Yes, that is basically what I mean. If you are going to use a very large amount of stack space you should consider alternatively allocating something on the heap and freeing it afterwards.

Yes, if most of your program is using roughly the same amout of stack space then it is great. However I think if you are worried about running out then you are likely using far more than the average part of your program.

So yes, it isn't intrinsically bad, but context important to evaluate the decision.


I assume you're describing a degenerate case where a tree structure is unbalanced. When operating at that scale, the overhead from all the function calls alone is going to be significant. It's likely going to be maddeningly slower than an iterative solution, like getting an answer in minutes vs. seconds.

If it's a balanced tree, then consuming 9GB of stack to do a search would imply that the data structure is what, on the order of 2^1000000 in size? Yikes :-)

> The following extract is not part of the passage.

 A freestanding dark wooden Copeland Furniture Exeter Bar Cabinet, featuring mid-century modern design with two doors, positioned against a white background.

Not every unbalanced tree is necessarily a degenerate situation. Syntax trees aren't necessarily balanced naturally, for example. (They typically are somewhat balanced, of course, but if you do have one that's unbalanced, there's no way of balancing it.) Search trees for NP-hard problems may be an even better example.

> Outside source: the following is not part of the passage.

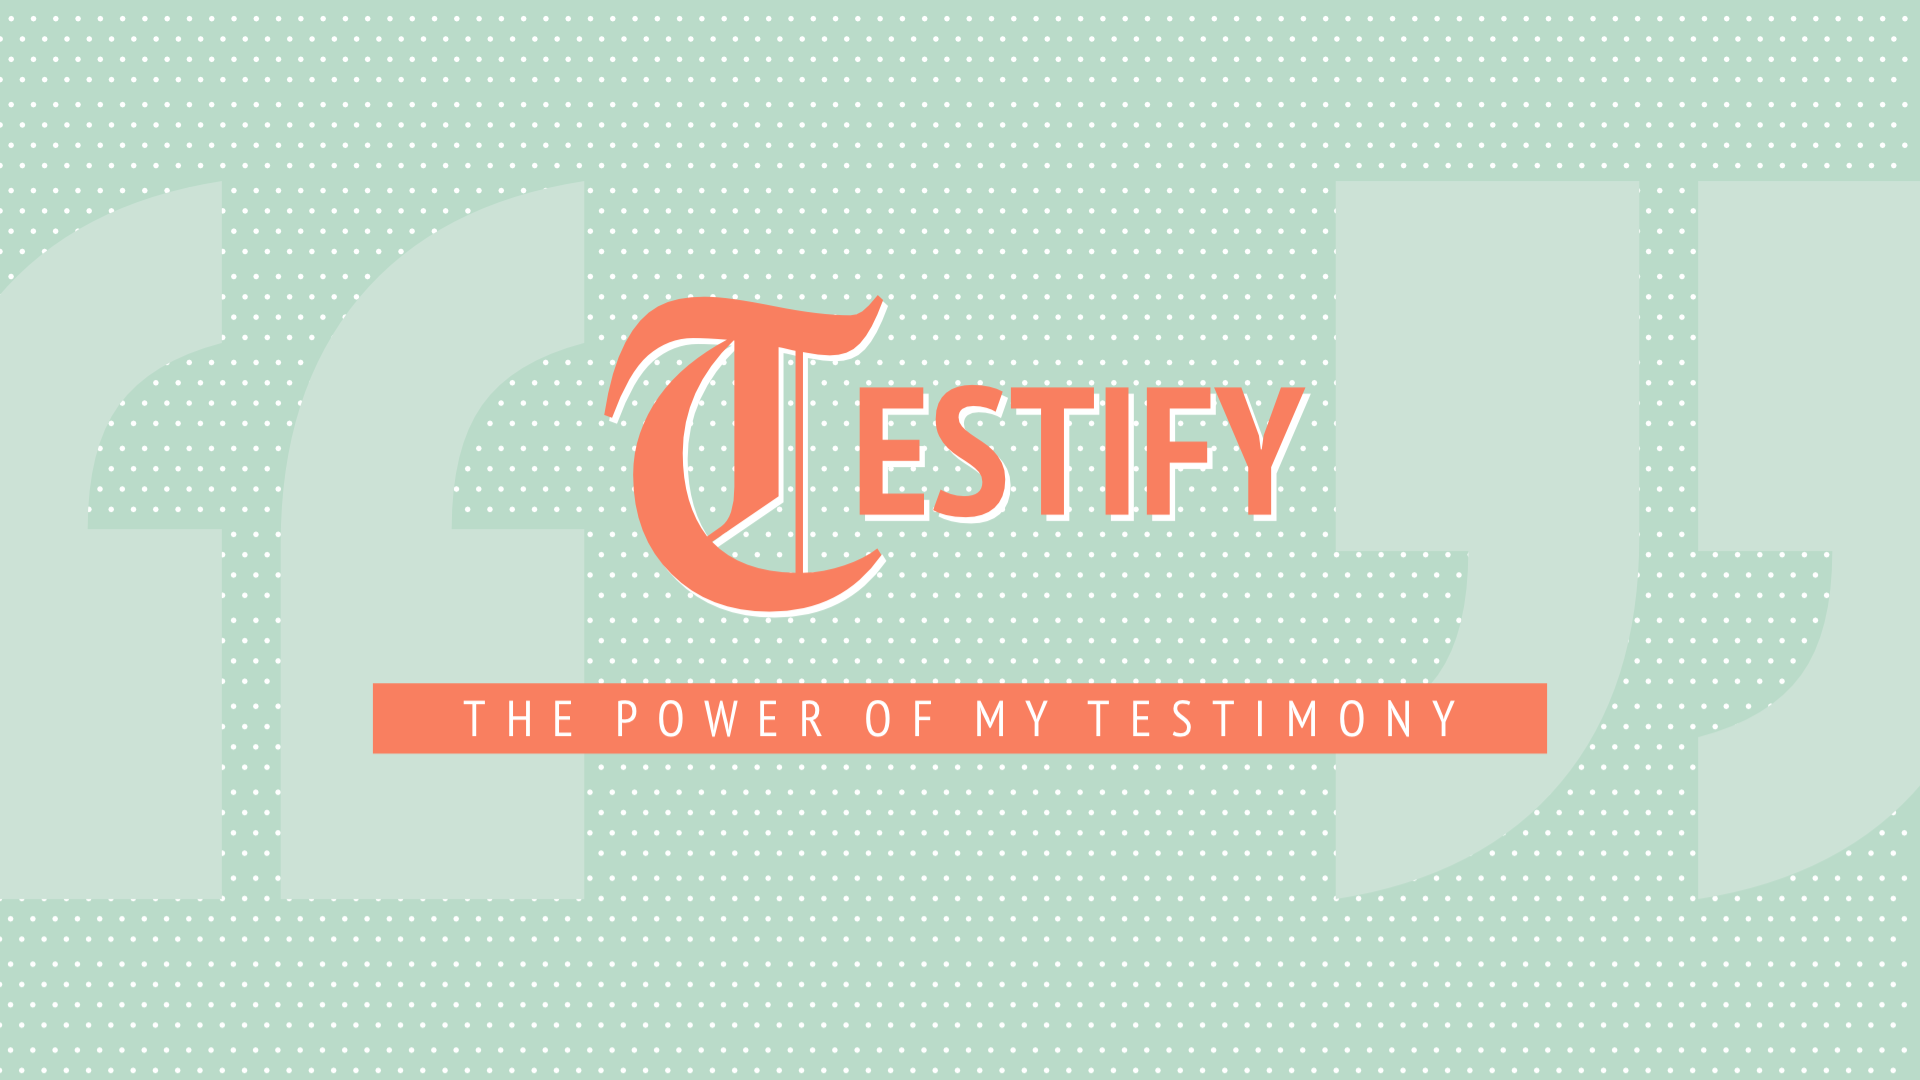 Testify: 5 Invitations Our Testimony Offers

My statement was within the context of there somehow being 10GB of node metadata (which could mean different things, but I'm assuming it means 10GB of stack usage to recursively visit each node.)

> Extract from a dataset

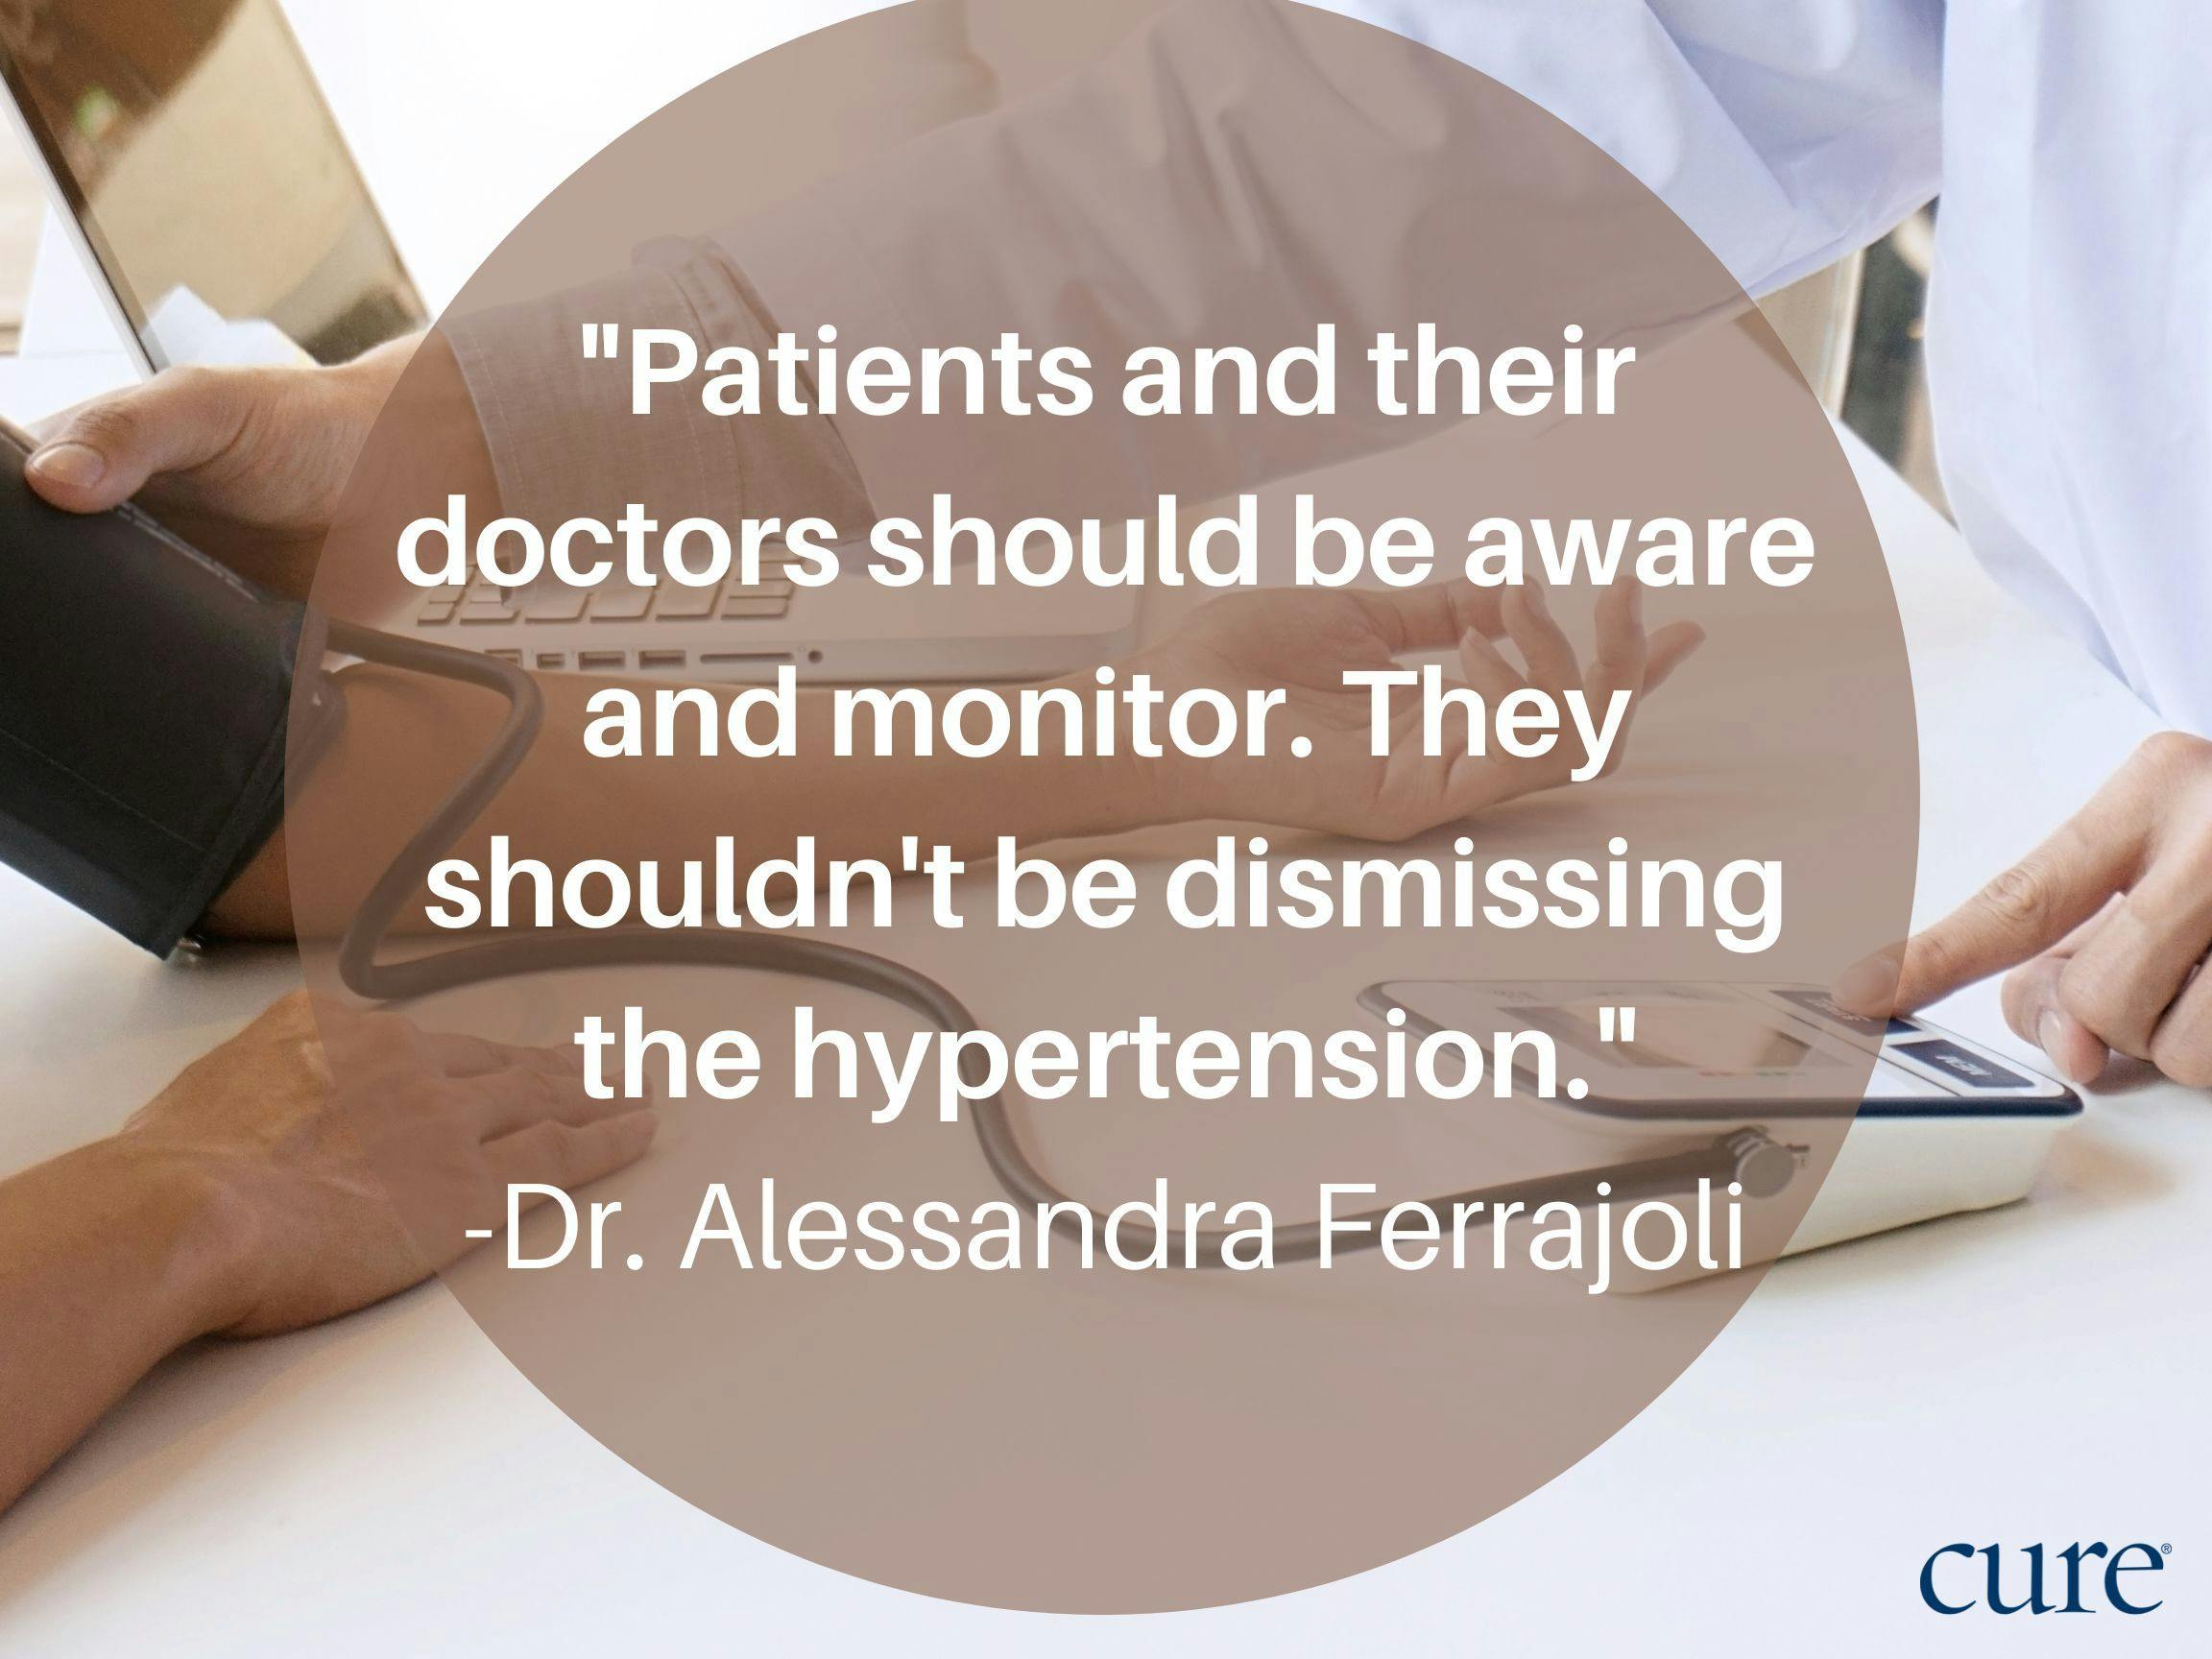 Quote: ""Patients and their doctors should be aware and monitor. They shouldn't be dismissing the hypertension." -Dr. Alessandra Ferrajoli" against an image of someone getting their bloos pressure taken

If you're up to 10GB worth of nodes in a syntax tree, you're probably doing something elaborate enough that you'd want to squeeze out every ounce of performance, and you're possibly a domain expert. Maybe you're making a static analysis tool? On the other hand, a lot of static analysis tools are painfully slow, so maybe there's a lot of recursive searching on deep data structures going on!

Likewise, if you're trying to solve an NP-hard problem and you're recursing through 10GB of anything, you're probably already asking the computer to do something unreasonable by many orders of magnitude, and all a larger stack would do is delay an eventual out of memory error. Or, you're doing something clever and knowingly pushing the computer to its limits, and so you once again would want to squeeze out every ounce of performance and go with an iterative solution.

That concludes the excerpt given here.